MATERIAL FOR THE TASK

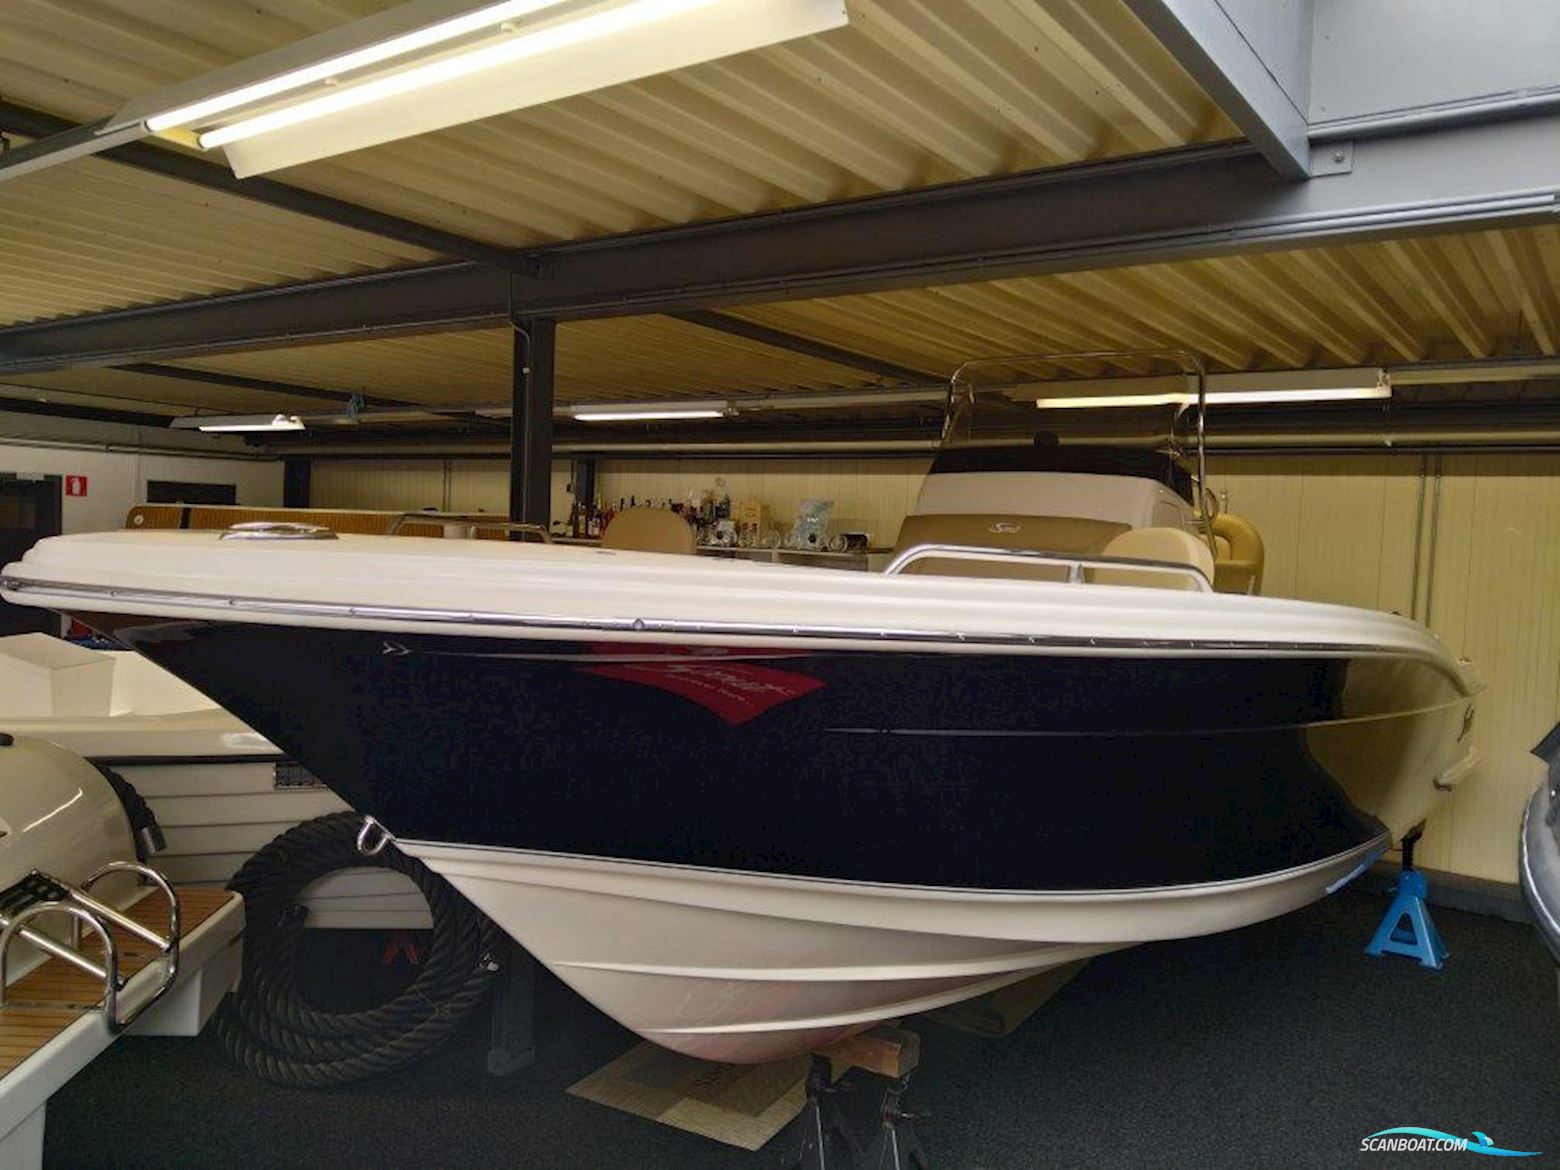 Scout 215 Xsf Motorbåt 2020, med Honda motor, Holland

--

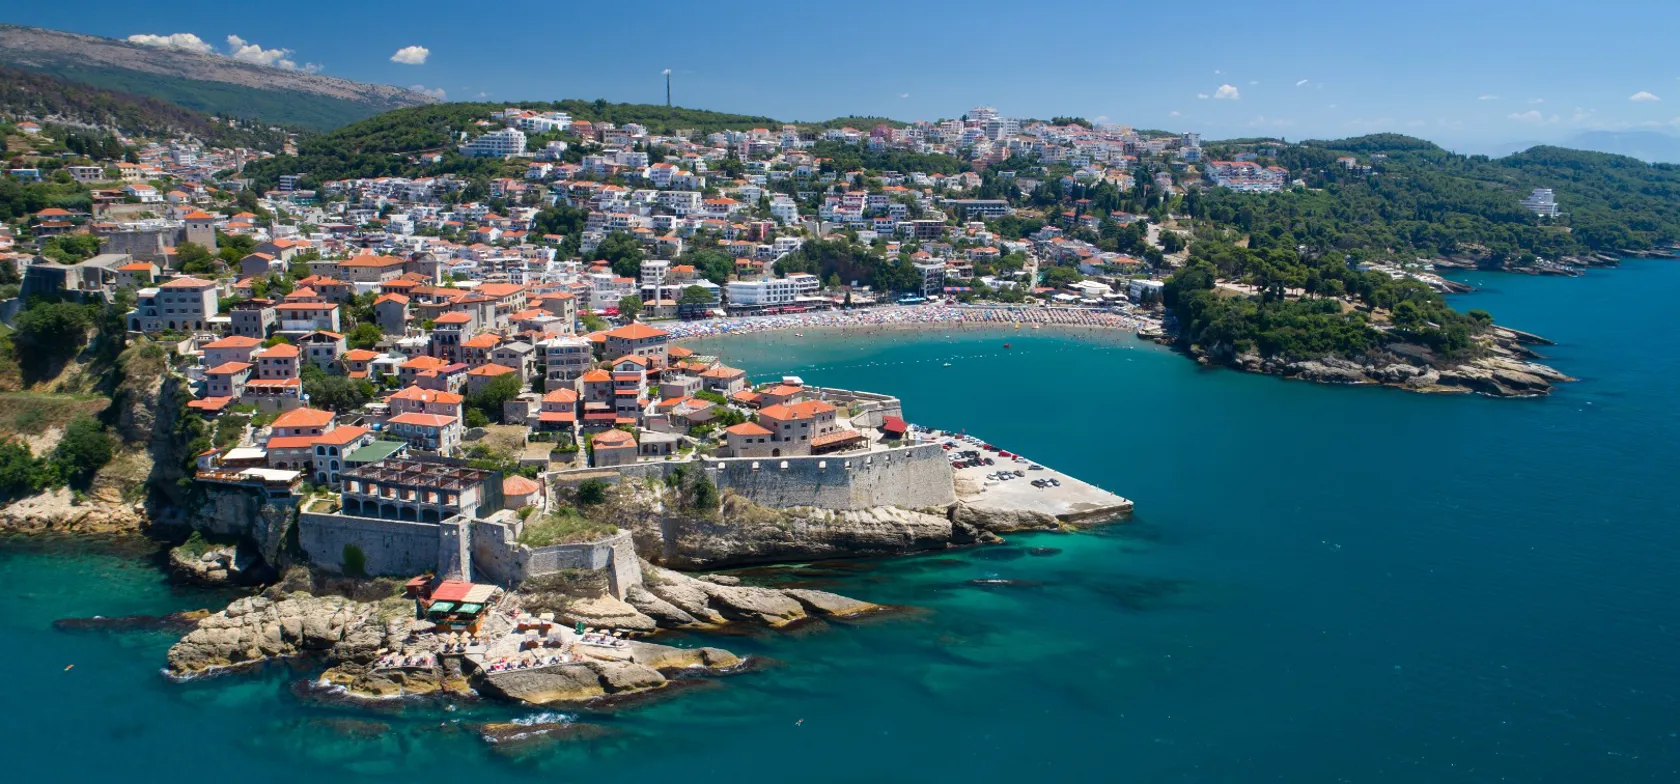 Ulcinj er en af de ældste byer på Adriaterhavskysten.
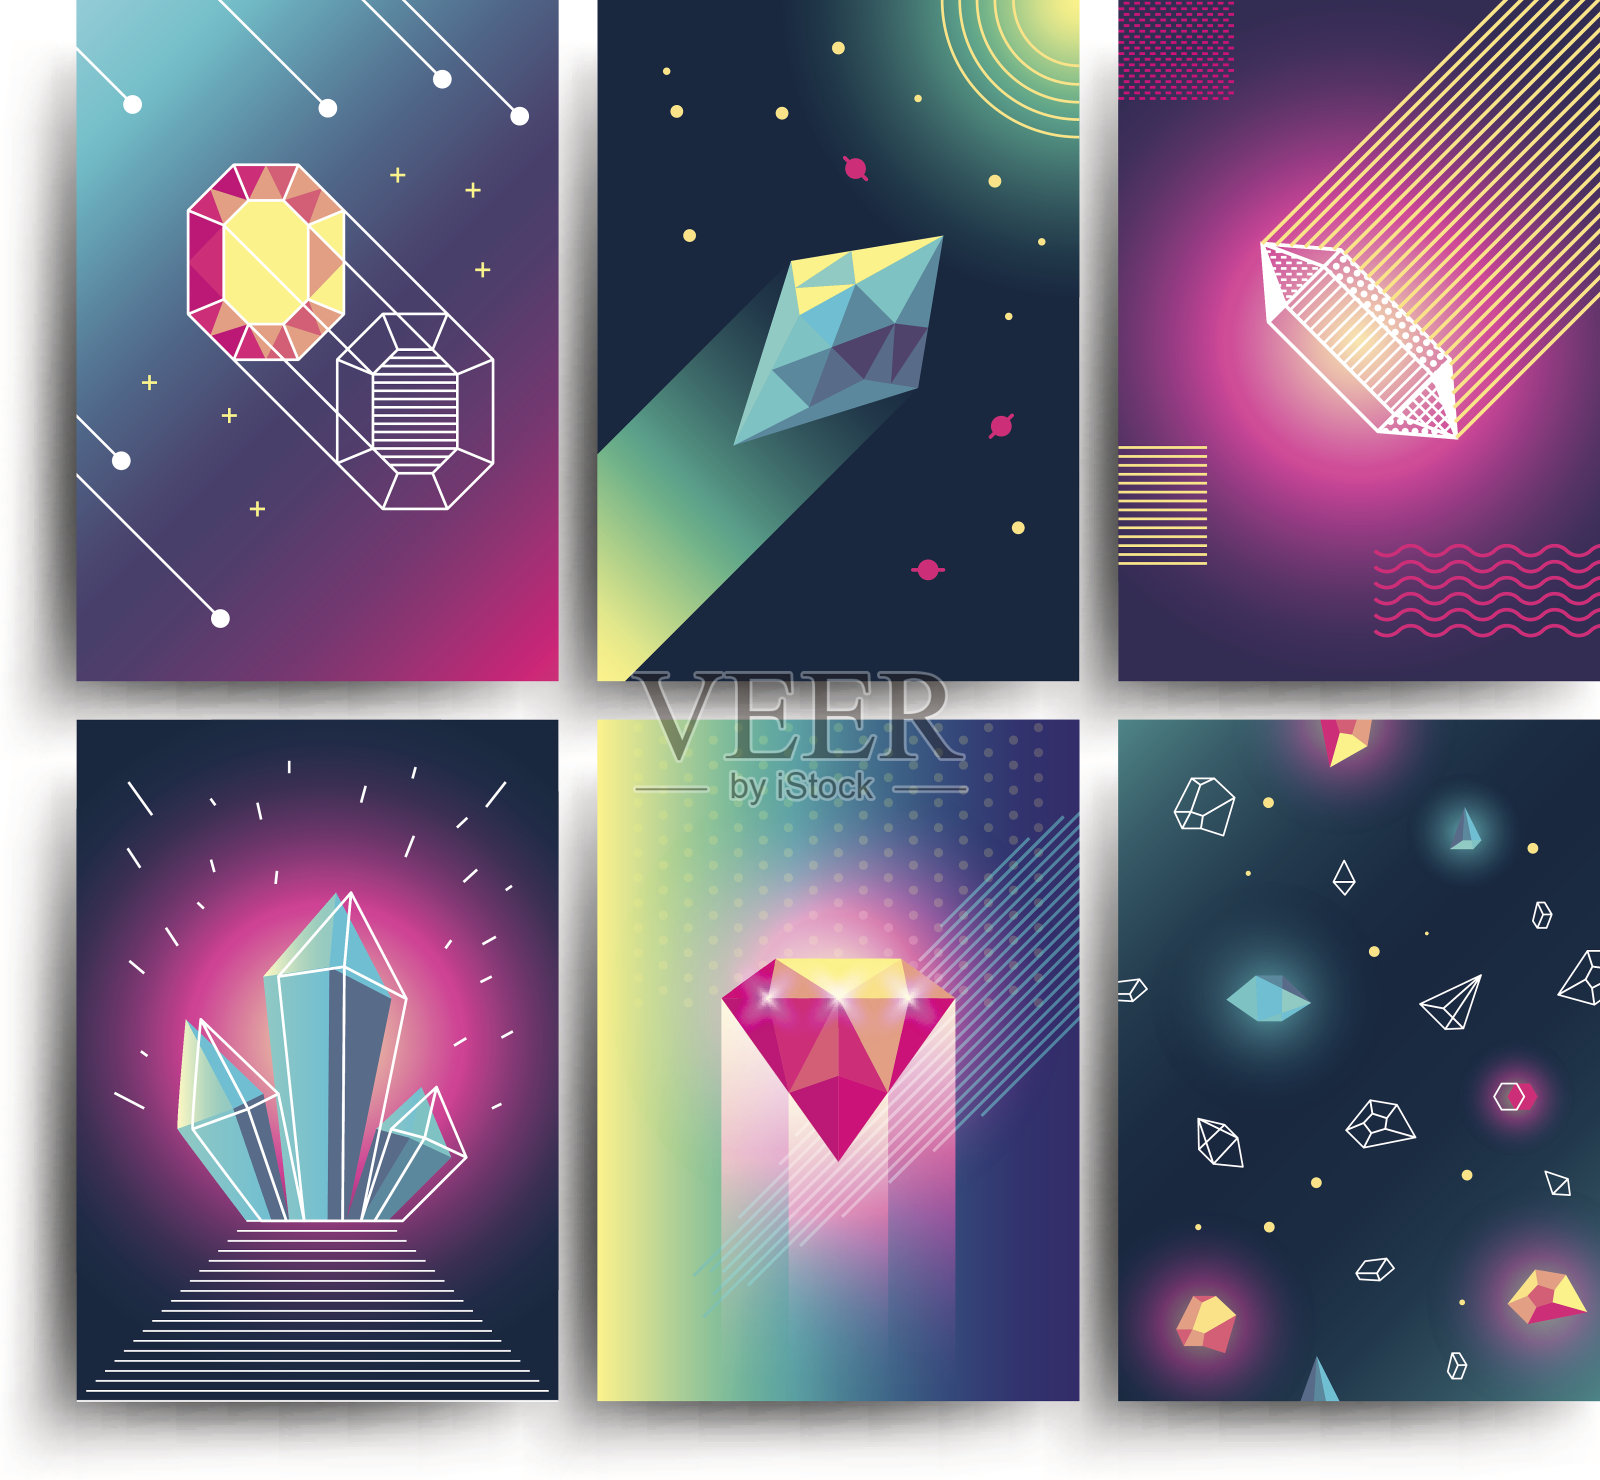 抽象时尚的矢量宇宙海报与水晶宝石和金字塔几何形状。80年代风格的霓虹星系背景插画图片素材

--

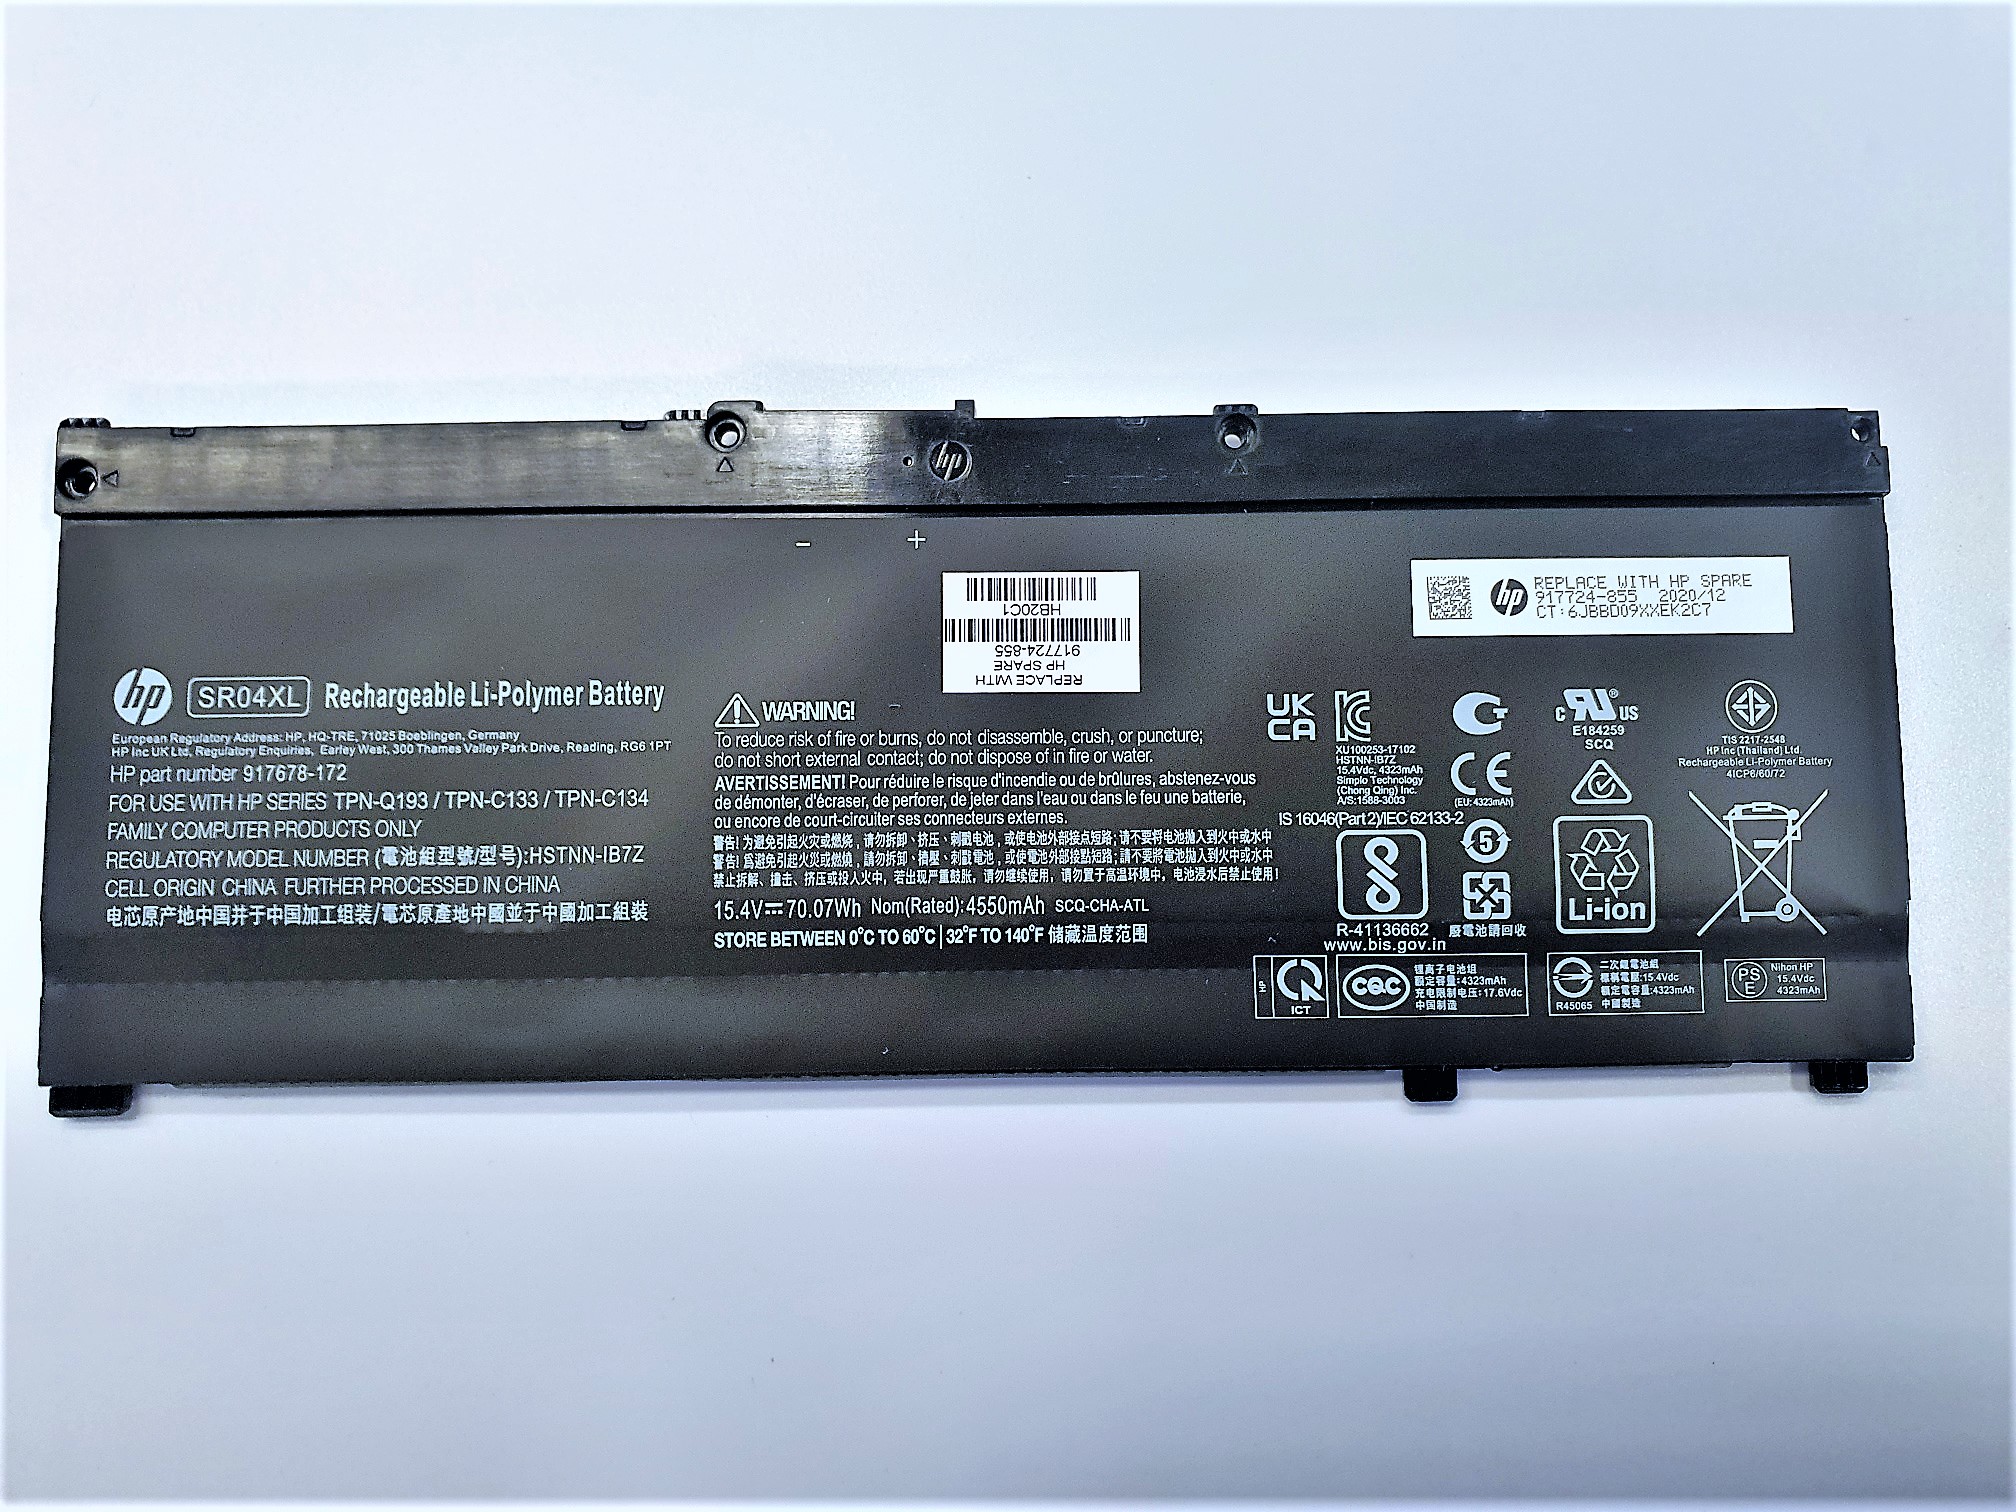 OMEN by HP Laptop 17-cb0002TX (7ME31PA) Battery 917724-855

WHAT IS NEEDED
Of all the material above, only the lines from the one that has "Ulcinj er en" down to the one that has "抽象时尚的矢量宇宙海报与水晶" are to be written out, exactly and with both ends included. Pictures are skipped.

OUTPUT BELOW
 Ulcinj er en af de ældste byer på Adriaterhavskysten.
 抽象时尚的矢量宇宙海报与水晶宝石和金字塔几何形状。80年代风格的霓虹星系背景插画图片素材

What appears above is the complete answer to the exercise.